<Codesignal> absoluteValuesSumMinimization

Medium

Given a sorted array of integers a, your task is to determine which element of a is closest to all other values of a. In other words, find the element x in a, which minimizes the following sum:

abs(a[0] - x) + abs(a[1] - x) + ... + abs(a[a.length - 1] - x)

(where abs denotes the absolute value)

If there are several possible answers, output the smallest one.

Example

• For a = [2, 4, 7], the output should be absoluteValuesSumMinimization(a) = 4.
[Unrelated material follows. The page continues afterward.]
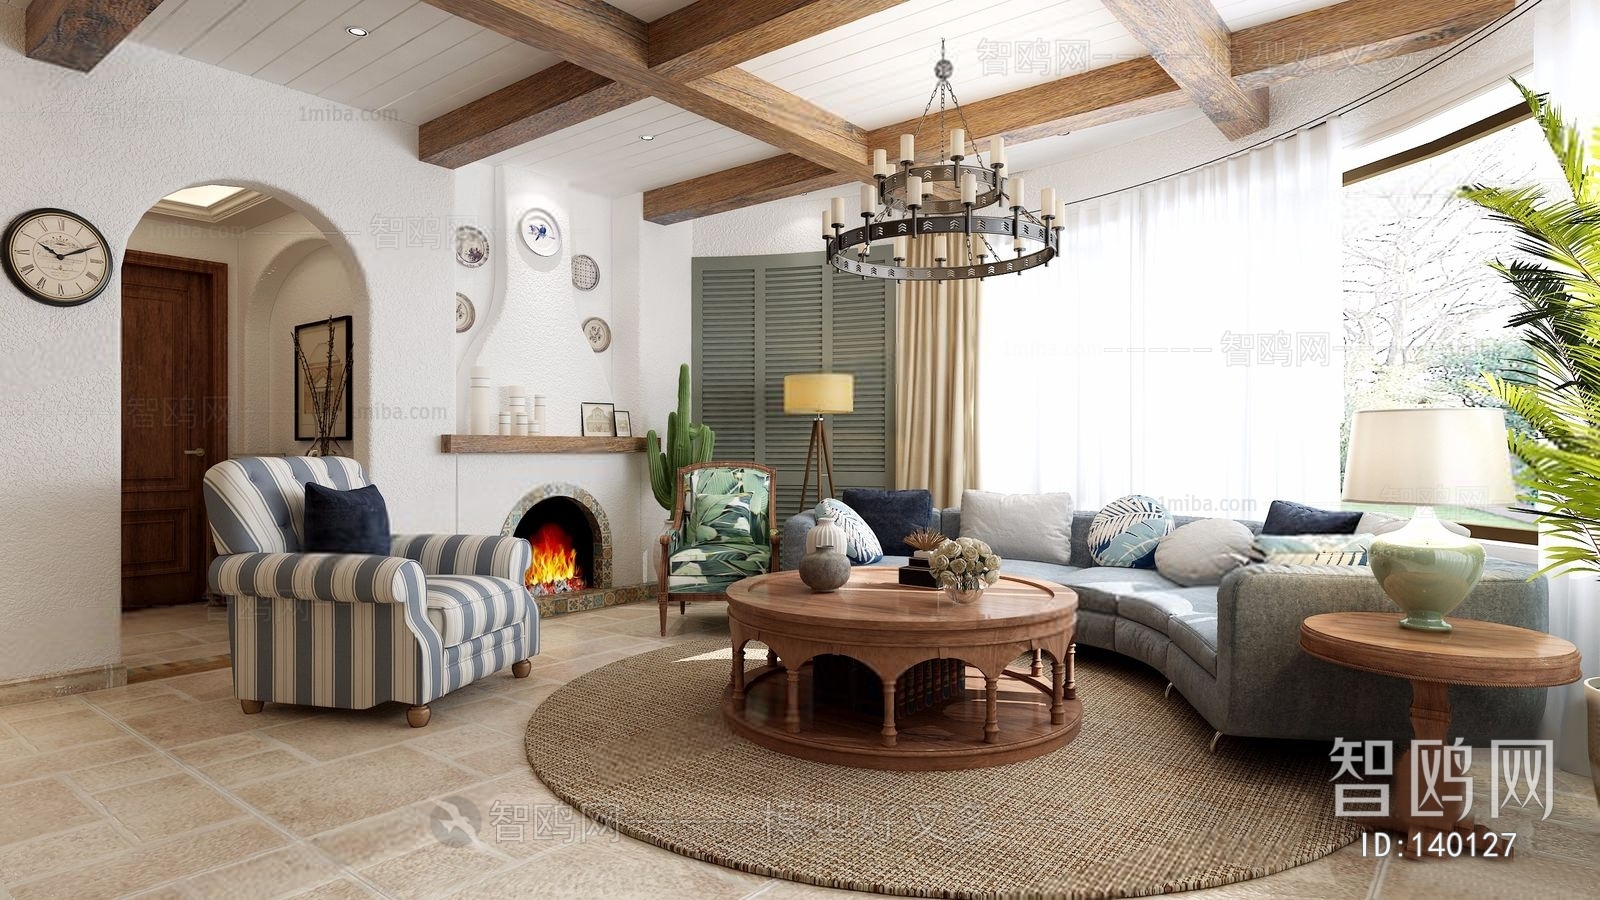 American Style Mediterranean Style A Living Room

  • for x = 2, the value will be abs(2 - 2) + abs(4 - 2) + abs(7 - 2) = 7.
  • for x = 4, the value will be abs(2 - 4) + abs(4 - 4) + abs(7 - 4) = 5.
  • for x = 7, the value will be abs(2 - 7) + abs(4 - 7) + abs(7 - 7) = 8.

  The lowest possible value is when x = 4, so the answer is 4.

• For a = [2, 3], the output should be absoluteValuesSumMinimization(a) = 2.

  • for x = 2, the value will be abs(2 - 2) + abs(3 - 2) = 1.
  • for x = 3, the value will be abs(2 - 3) + abs(3 - 3) = 1.

  Because there is a tie, the smallest x between x = 2 and x = 3 is the answer.

Input/Output

• [execution time limit] 0.5 seconds (c)

• [input] array.integer a

  A non-empty array of integers, sorted in ascending order.

  Guaranteed constraints:
  1 ≤ a.length ≤ 1000,
  -10^6 ≤ a[i] ≤ 10^6.

• [output] integer

  • An integer representing the element from a that minimizes the sum of its absolute differences with all other elements.

[C] Syntax Tips

// Prints help message to the console
// Returns a string
char * helloWorld(char * name) {
    char * answer = malloc(strlen(name) + 8);
    printf("This prints to the console when you Run Tests");
    strcpy(answer, "Hello, ");
    strcat(answer, name);
    return answer;
}

---

Solution

// Arrays are already defined with this interface:
// typedef struct arr_##name {
//   int size;
//   type *arr;
// } arr_##name;
//
// arr_##name alloc_arr_##name(int len) {
//   arr_##name a = {len, len > 0 ? malloc(sizeof(type) * len) : NULL};
//   return a;
// }
//
//
int absoluteValuesSumMinimization(arr_integer a)
{
	int min=1000000000, minValue;

	for(int i=0;i<a.size;i++)
	{
		int sum=0;

		for(int j=0;j<a.size;j++)
			sum+=abs(a.arr[i]-a.arr[j]);

		if(sum<min)
		{
			min=sum;
			minValue=a.arr[i];
		}
	}

	return minValue;
}